When the tea was replenished and she was seated again, she said, “You’ll want to know how we met.”

“Pardon me for saying so, but you don’t look as though you’ve been a farm girl all your life.”

“You’re very observant for one so … young,” she said. And so coddled and pampered and protected from the true horrors of the world, she implied with her single, taut glance. “But these are genuine calluses.” She showed both her palms while the cup and saucer teetered on her knees. “You learn how when you have to, and quickly.” That she herself was younger than he appeared to be of no relevance.

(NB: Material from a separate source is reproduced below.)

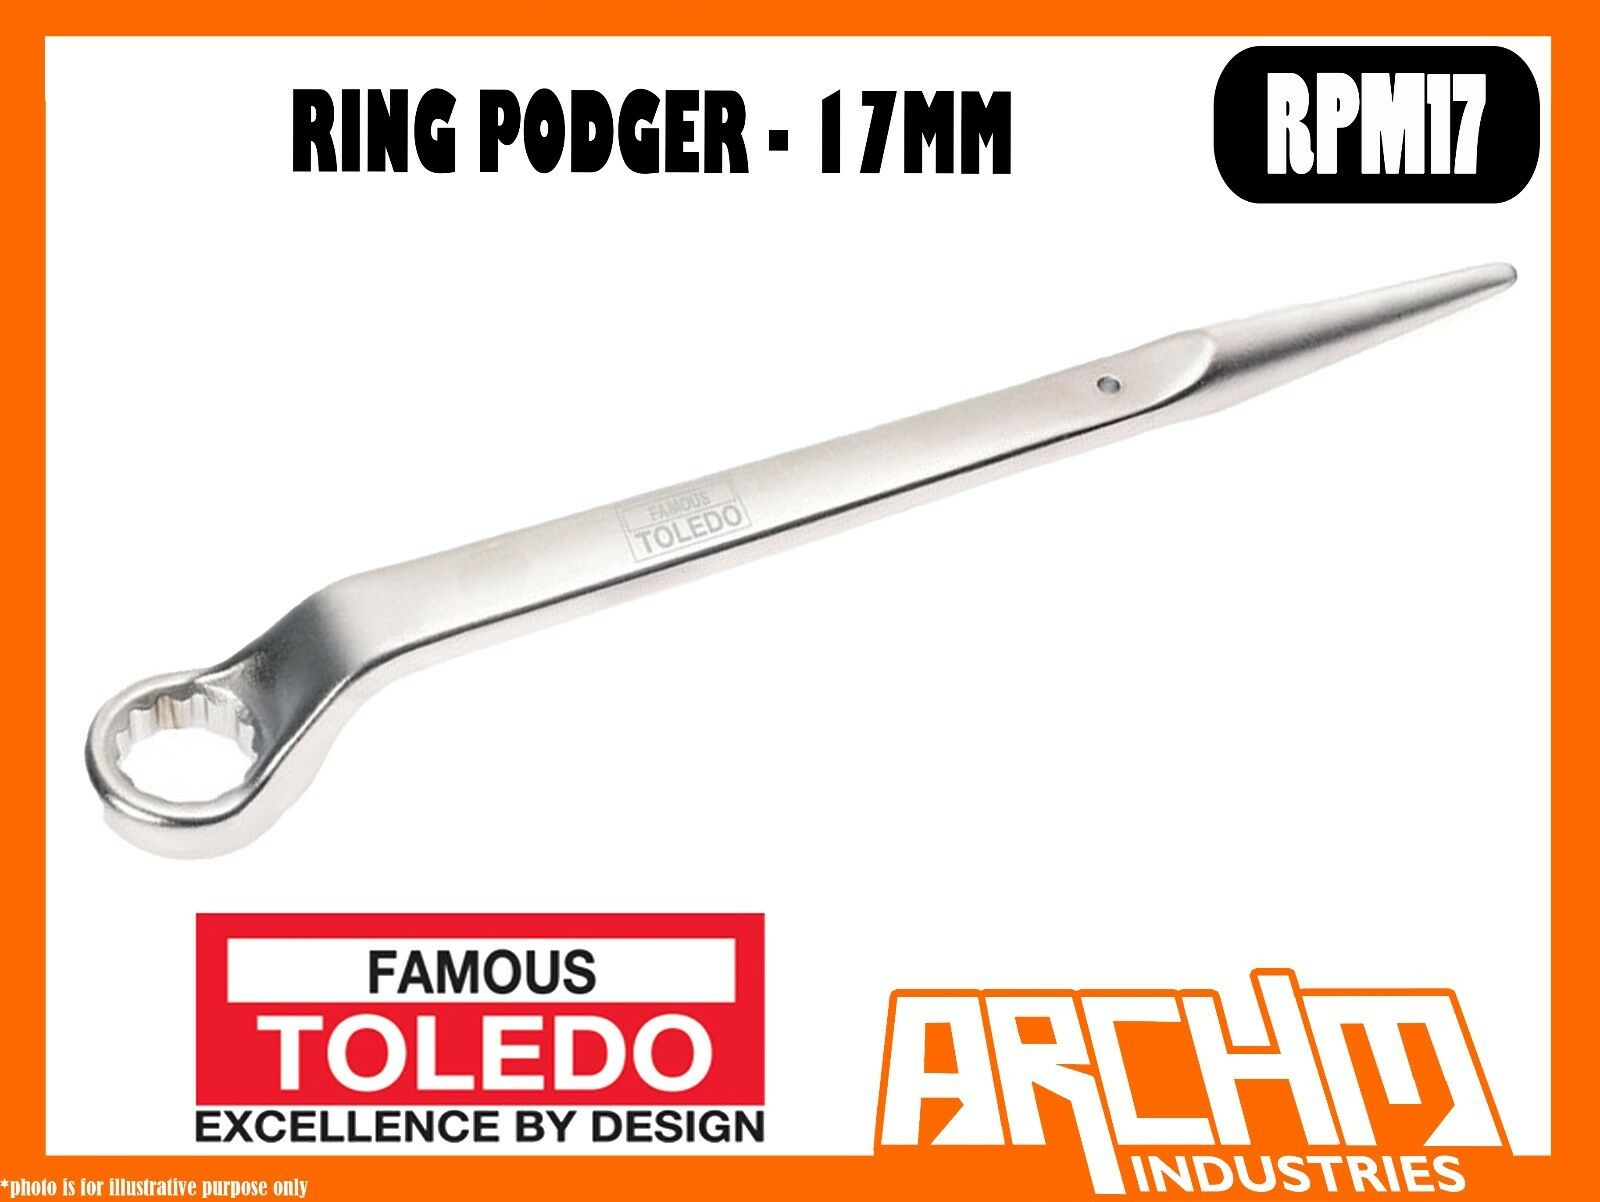 TOLEDO RPM17 - RING PODGER - 17MM - METRIC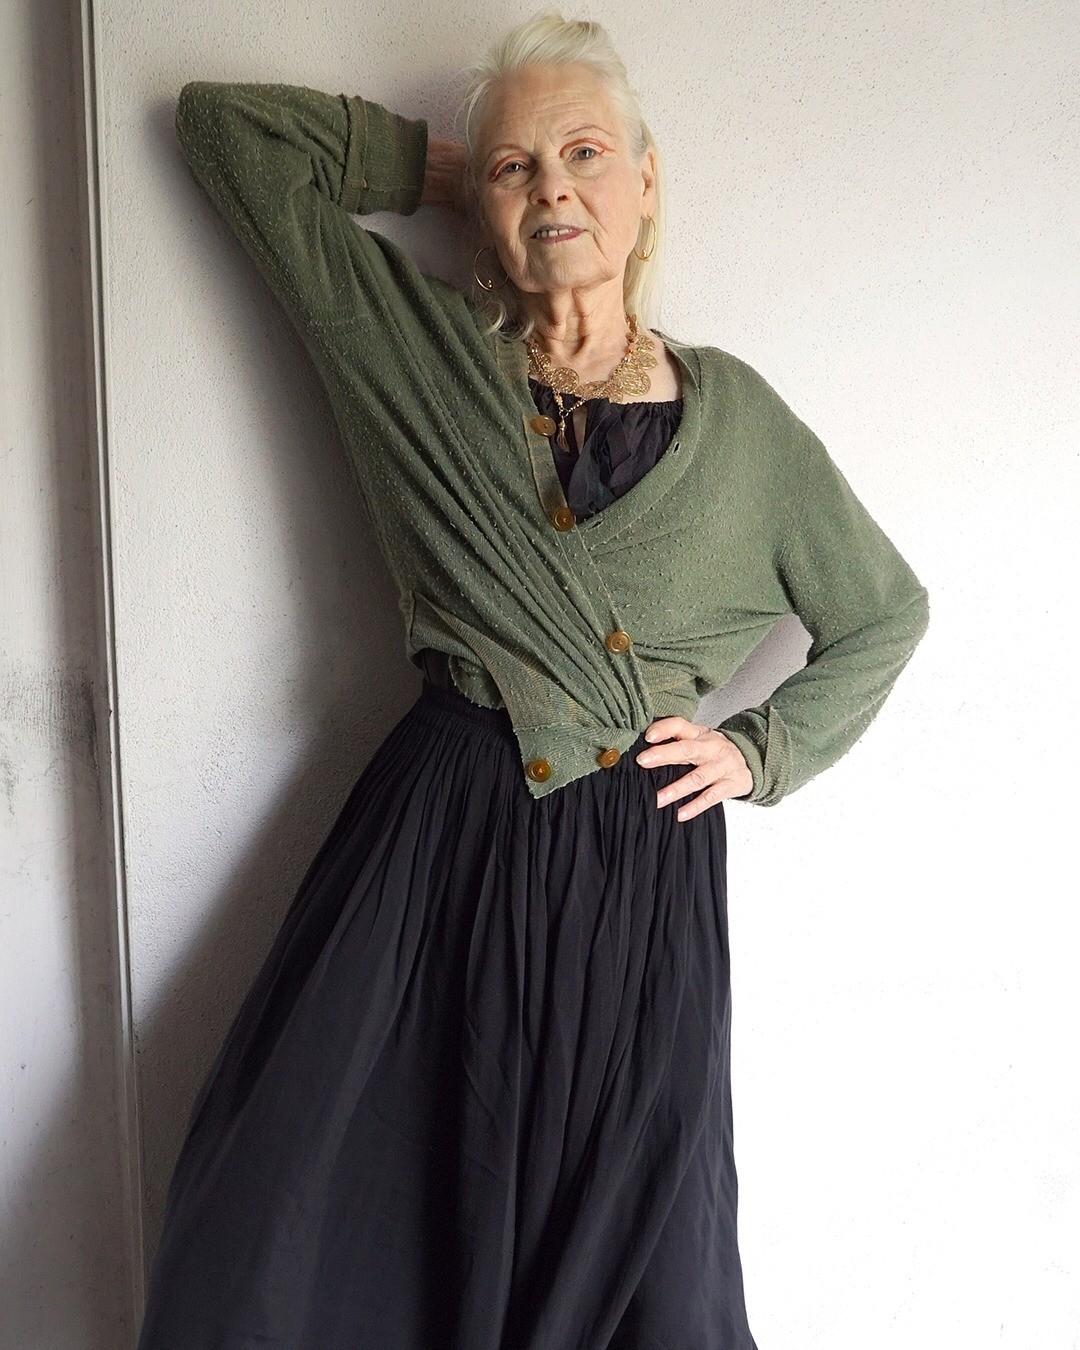 1. В 17 лет Вивьен Вествуд поступает в художественную школу «Харроу» в Лондоне, однако ушла из нее после первого семестра. Прежде чем открыть свой первый магазин, Вествуд работала на фаб...

“You met your husband here, then?”

“My father was the Congregationalist minister in Cobourg. We came up here when I was eight, after my mother died back in Pennsylvania.”

“But your husband was Church of England,” Marc said.

Once again he was raked by that appraising gaze. “A venial sin,” she said. “Congregationalists are a tolerant lot. And democratic to boot.” She watched to see the effect of this last remark.

“Would you say that relations between Jesse and Joshua were strained?”

“Did Father come to the wedding, you mean?”

“Did he approve of the … way his son’s life was going?”

“He came down for the wedding at St. Peter’s in Cobourg.”

“And that was …?”

“Almost four years ago. Jess and I came directly here.”

“Did his father visit?”

Each new question seemed to disconcert her just a bit more, but the only outward sign of discomfort was the length of the pause before she could answer. When she did, Marc could see no indication that she was reluctant, withholding, or evasive.

“Only at Christmas. And once at Easter.”

When the thorny issue of whose church to attend must have complicated matters.